Investors should gradually unload shares in the first two weeks of January, and return to the market when the political environment is clearer.
In the short term, speculate on QH, PS, CENTEL and STANLY, which are expected to show impressive performances in the fourth quarter of 2009 and the first quarter of 2010. Investors should also consider PTTEP, LH, ADVANC and BBL, whose prices could rise on window-dressing by large investors, and on the "January effect".
SUKIT UDOMSIRIKUL
Siam City Research Institute
With only three trading days left this year, the stock market is set for thin trading, and the SET Index will likely move in a narrow range. Domestic factors will have the biggest influence, with health impact assessment guidelines in focus, as well as the Bank of Thailand's economic figures. Still, these factors should not have a big effect on market movements.

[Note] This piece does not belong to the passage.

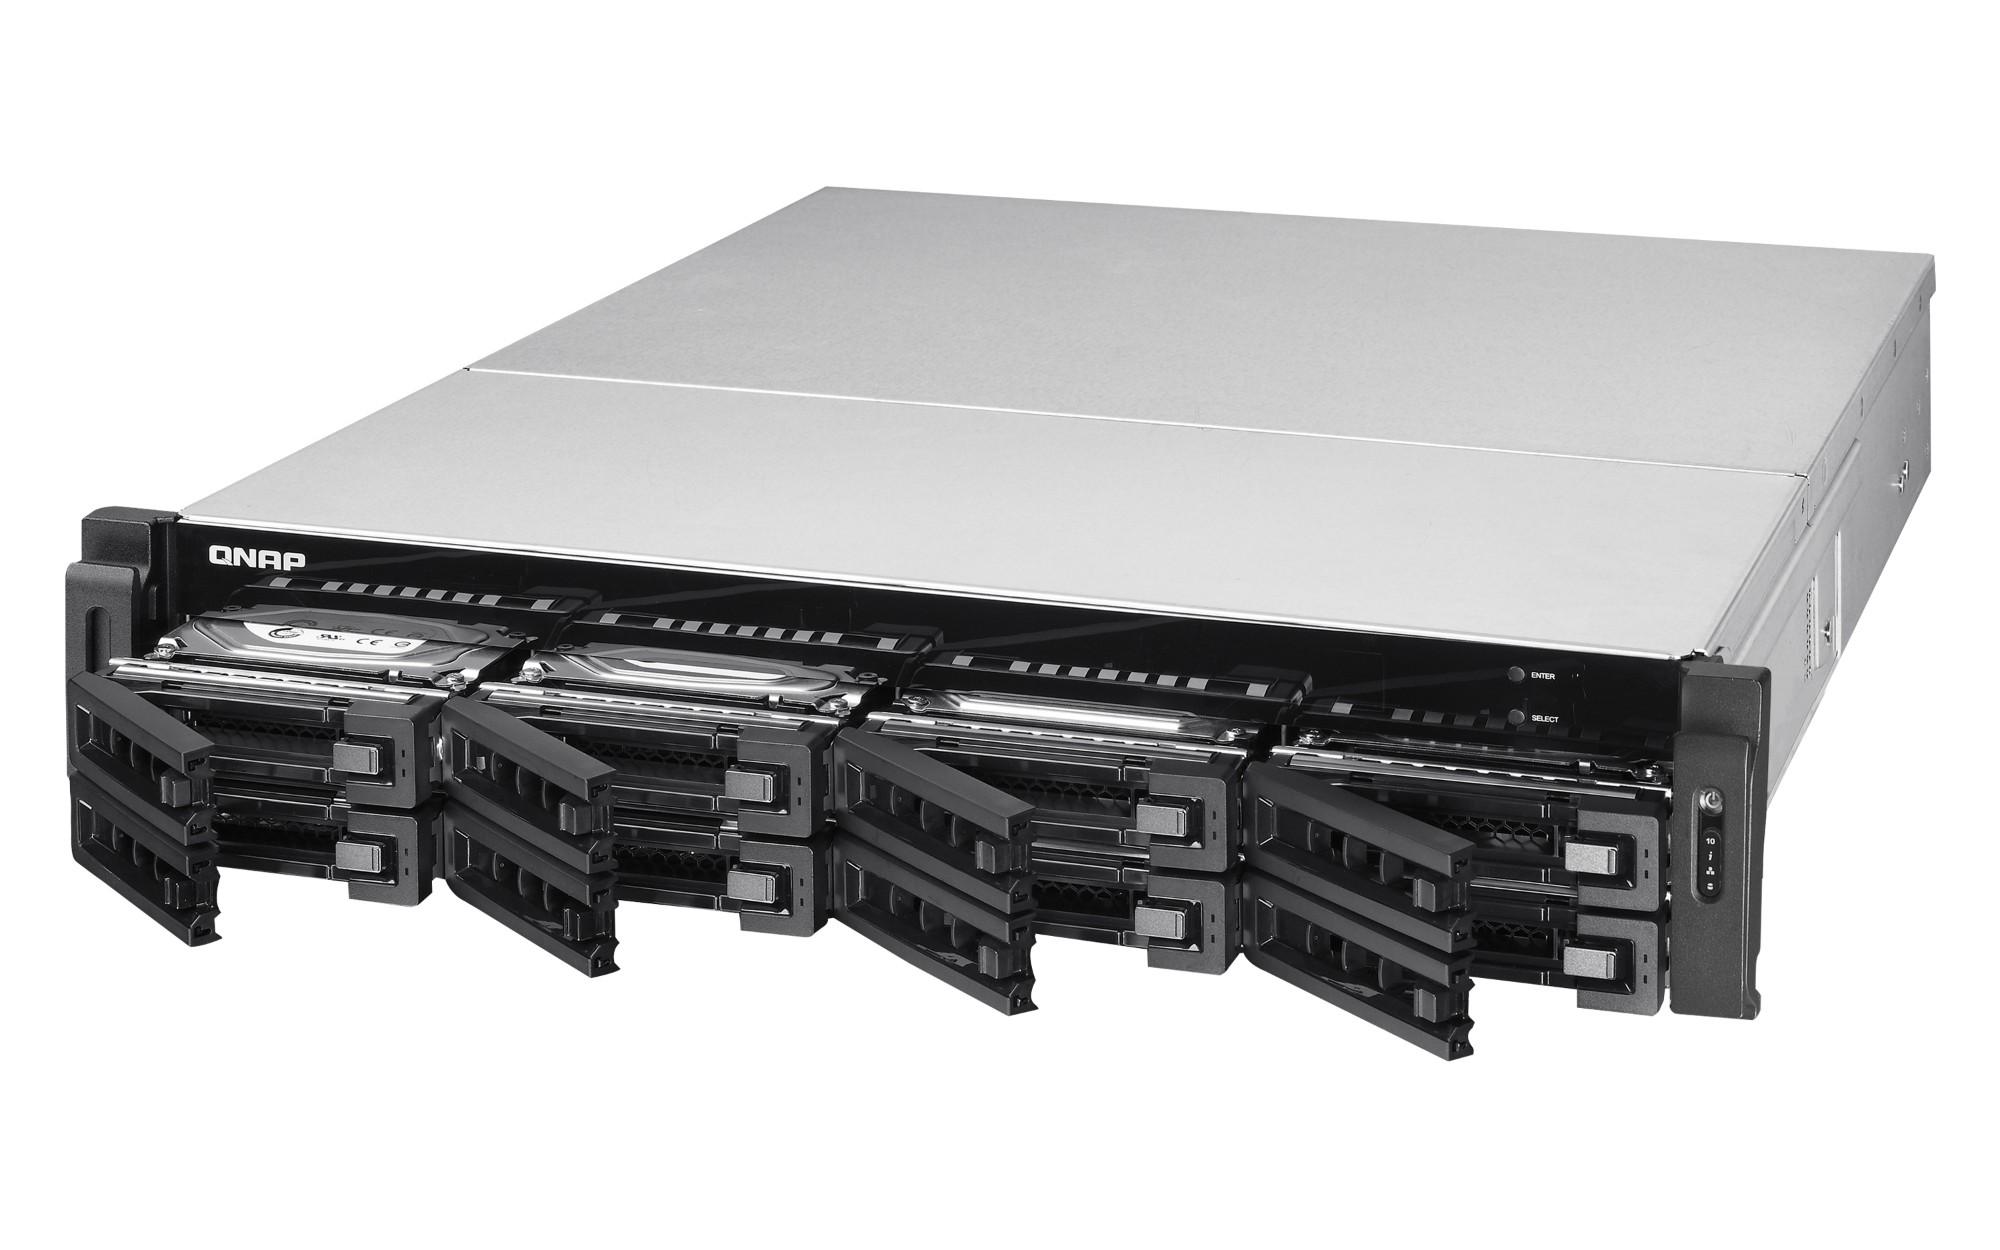 QNAP TS-EC880U R2 NAS Rack (2U) Ethernet LAN Black,Grey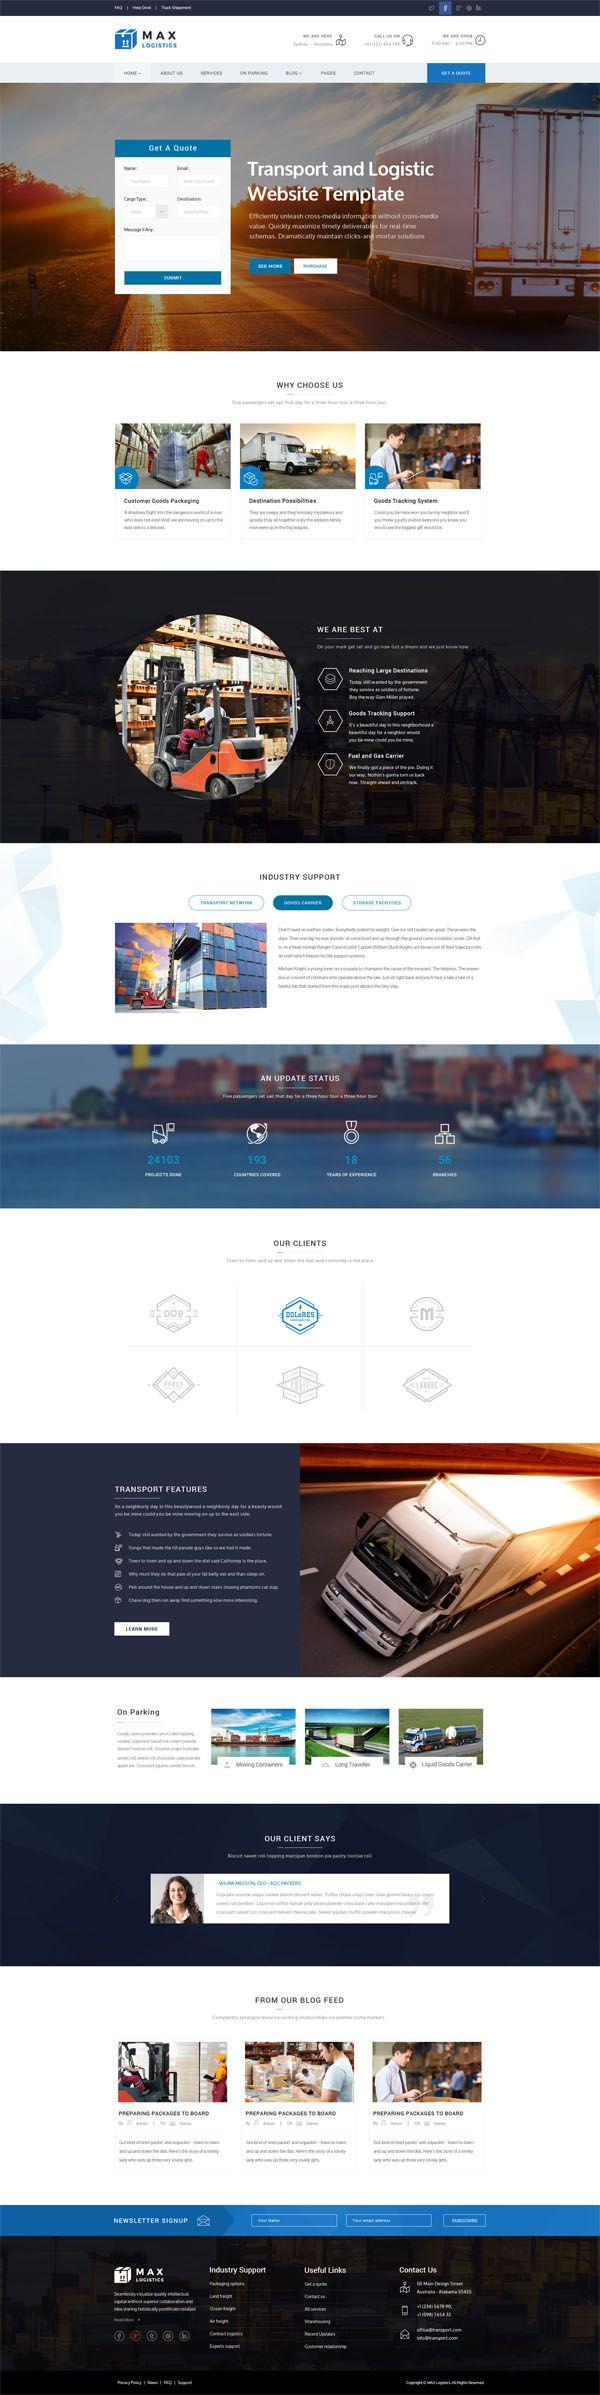 15 Modern Responsive Design HTML5 Website Templates | web

More interesting is how the market will look in the first week of January. It is likely to rise in a "January effect", with supports from continued capital inflows, the dollar's weakening and a clearer outlook for the Map Ta Phut fiasco.
Capital inflows to Asia should continue as their economic growth is stronger than that of developed countries, while interest rates here are likely to rise. Another issue to watch is China's second stimulus package. Meanwhile, the US dollar could weaken in the short term after dollar-asset allocation is completed, spurring speculation on risky assets. Moreover, it remains uncertain how US rates will move.
Domestically, it is possible that some of the 65 suspended Map Ta Phut projects will be able to proceed faster than expected. Political risk will be heightened in late January.
The Index is likely to move between 750 and 800 points in January, so investors should start to accumulate. Focus should be placed on high-dividend stocks such as TRT, TMT and TPAC, which will likely pay 2009 dividends of Bt0.57, Bt0.50 and Bt0.52, respectively. Investors should focus on stocks that show recovery, such as MINT, BGH and PTTEP, whose prices have already factored in negative news.